■ WHAT YOU SHOULD DO: Exactly the lines from the one holding "Anthony Pieper scored" through the last line of the listing below must appear in the answer, and no pictures.

■ DATASET EXCERPT:
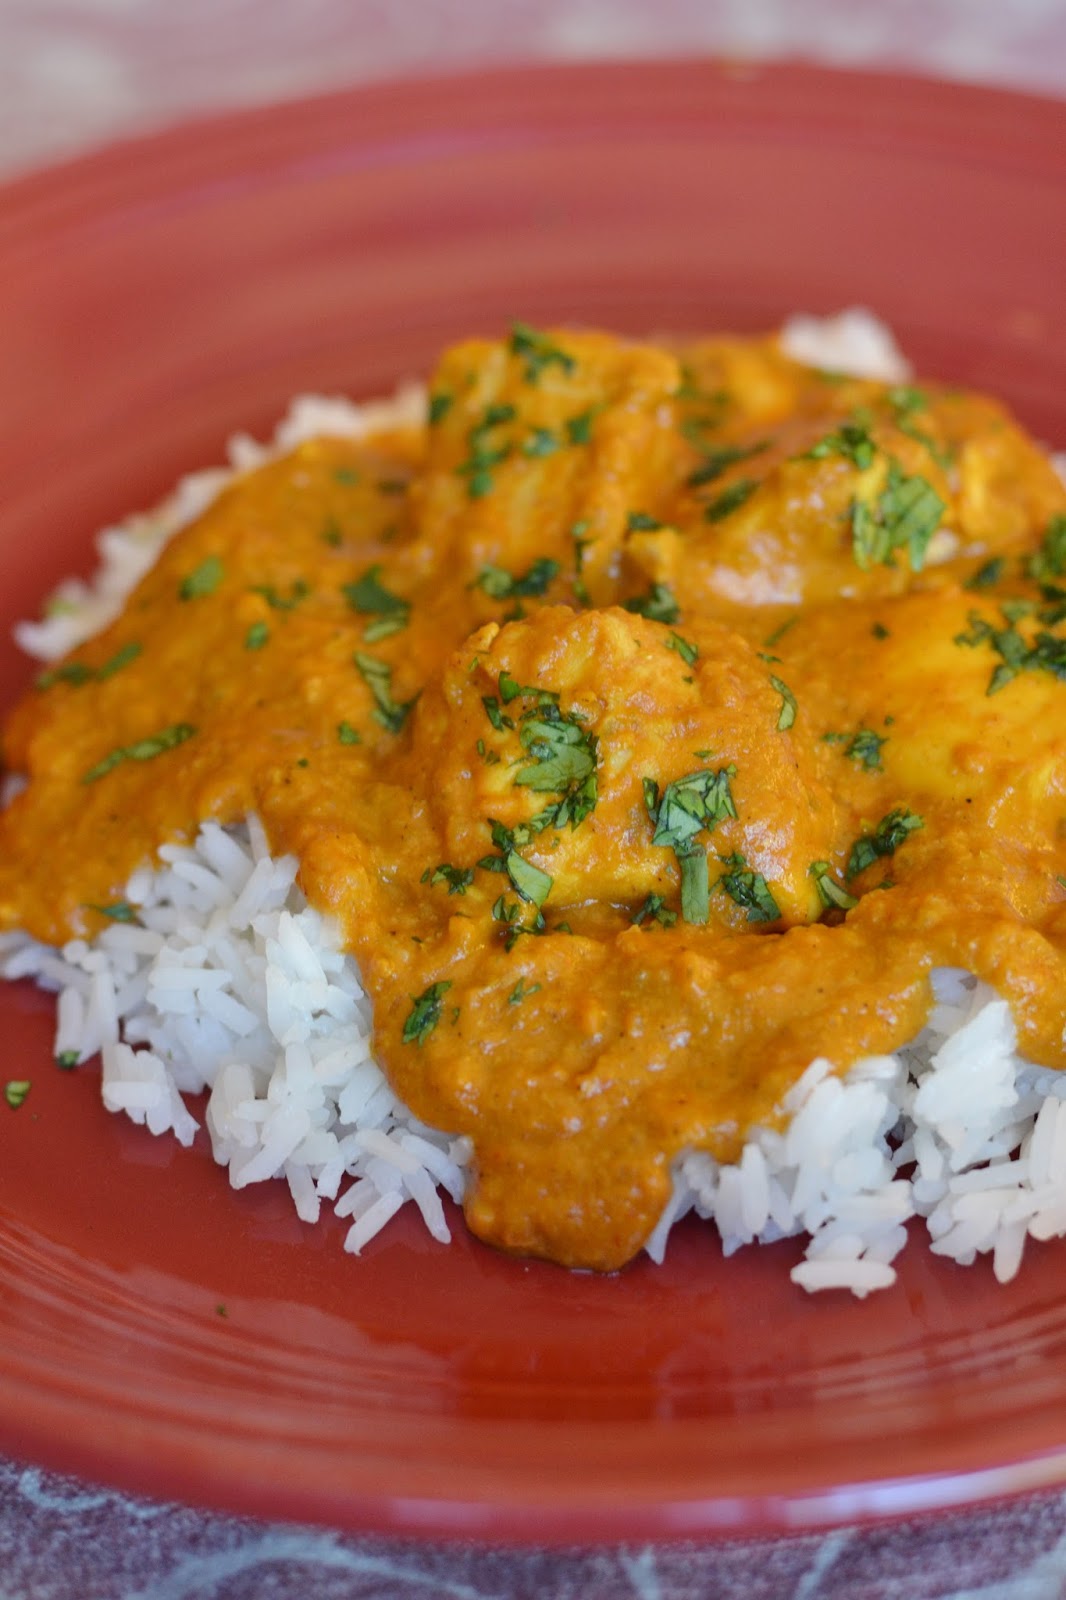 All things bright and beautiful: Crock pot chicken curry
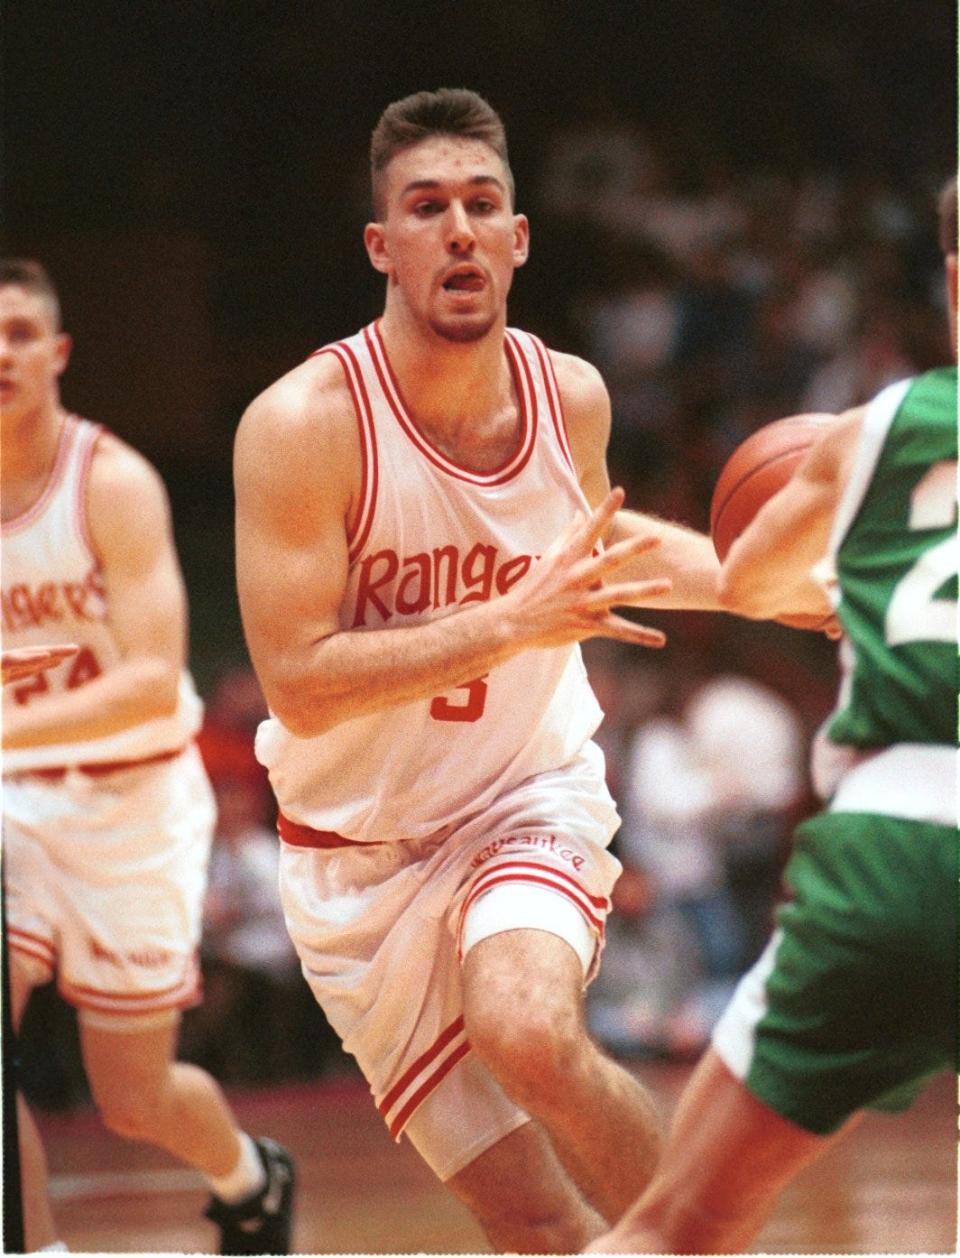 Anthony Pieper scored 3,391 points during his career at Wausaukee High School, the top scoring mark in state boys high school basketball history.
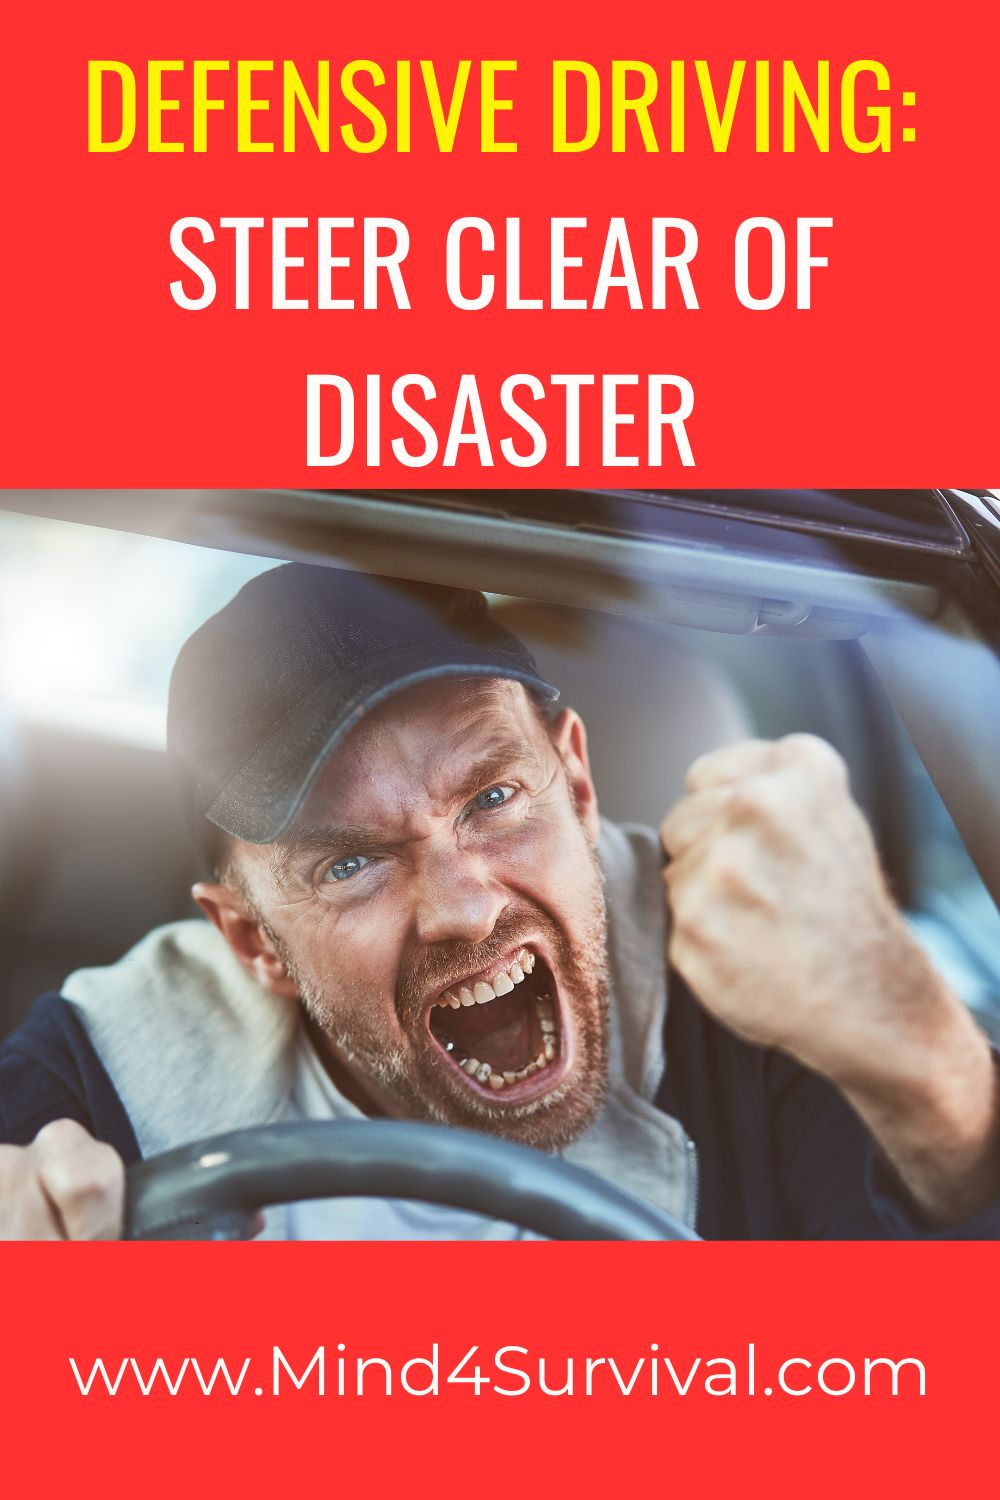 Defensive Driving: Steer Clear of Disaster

■ RESULT OF THIS TASK:
 Anthony Pieper scored 3,391 points during his career at Wausaukee High School, the top scoring mark in state boys high school basketball history.
 Defensive Driving: Steer Clear of Disaster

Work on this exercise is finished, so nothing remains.